GMDS 2015. 60. Jahrestagung der Deutschen Gesellschaft für Medizinische Informatik, Biometrie und Epidemiologie e.V. (GMDS). Krefeld, 06.-09.09.2015. Düsseldorf: German Medical Science GMS Publishing House; 2015. DocAbstr. 020

doi: 10.3205/15gmds138, urn:nbn:de:0183-15gmds1386

Published: August 27, 2015

© 2015 Ring et al.
This is an Open Access article distributed under the terms of the Creative Commons Attribution 4.0 License. See license information at http://creativecommons.org/licenses/by/4.0/.


Outline

Text

Subgroup analyses of clinical trials are often carried out to detect signals of differential treatment effects across the subgroups. In some cases, such analyses are requested because (external) additional medical evidence has been established; in other cases the data from the trial at hand raises concerns about potential differential effects.

The Draft EMA guideline [1] requests sponsors that the consistency of effects in well-defined subgroups is evaluated when the clinical trial population was heterogeneous. This request has led to the application of heterogeneity tests for assessing consistency. The drawback of this approach is that “homogeneity” is the null-hypothesis, which can only be rejected, but not confirmed through such heterogeneity tests. Furthermore, the performance of these tests is rather poor [2], e.g. having low power with small sample sizes.

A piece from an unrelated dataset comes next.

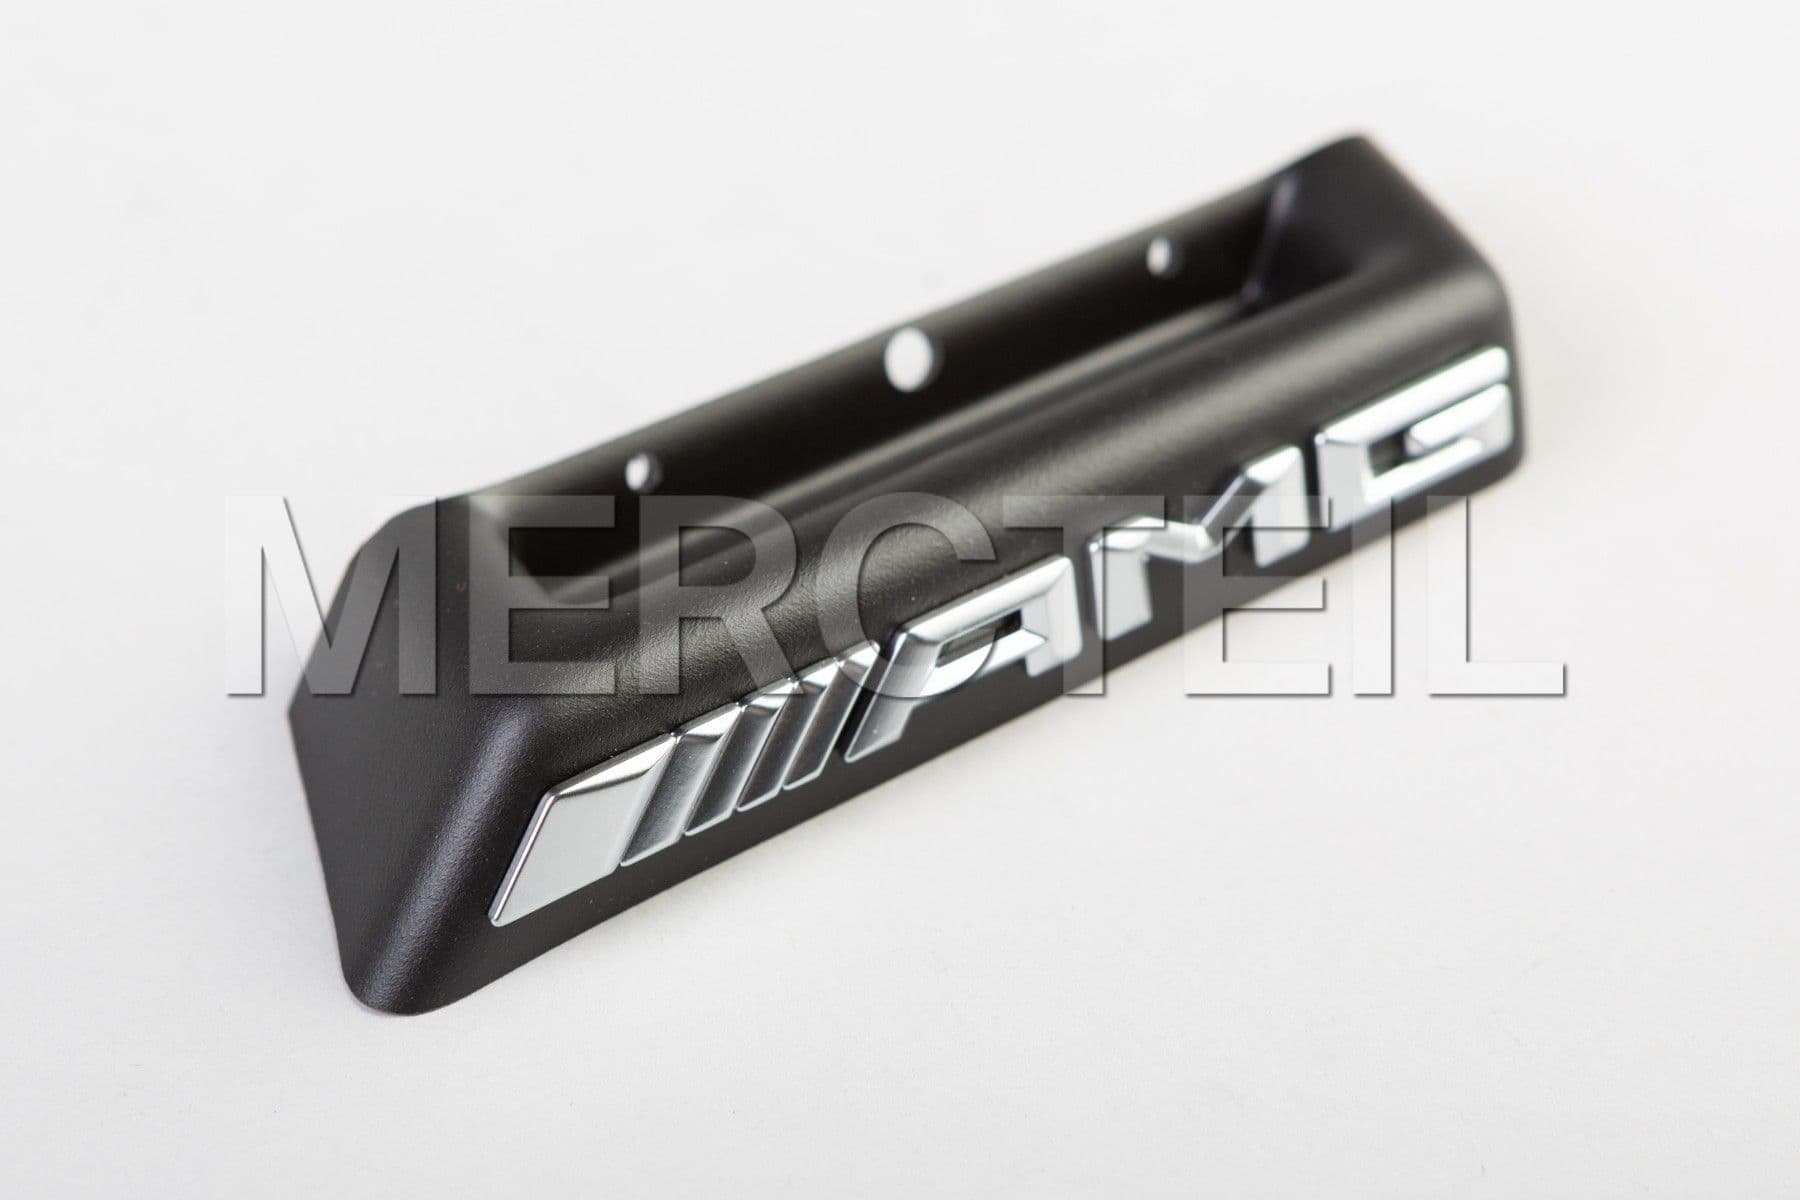 E63 AMG Badge for Radiator Grille for E-Class (part number: 	
A2128170700)

We have investigated alternative methods for assessing the consistency of treatment effects across subgroups. These methods aim to scale the test limits for each subgroup based on the difference and variability between subgroup and overall outcome, or take account for the sample size in the subgroups.

We will present the theoretical derivations of these methods, as well as some of their performance characteristics based on simulations, and will finally discuss their applicability for post-hoc analyses.


References

1.
;EMA 2013, Draft guideline on the investigation of subgroups in confirmatory clinical trials, EMA/CHMP/539146/2013 [Draft for consultation].
2.
Langan D, Simmonds M, Higgins JPT. An empirical comparison of heterogeneity variance estimators in 12,894 meta-analyses. Research Synthesis Methods. 2015 (in print).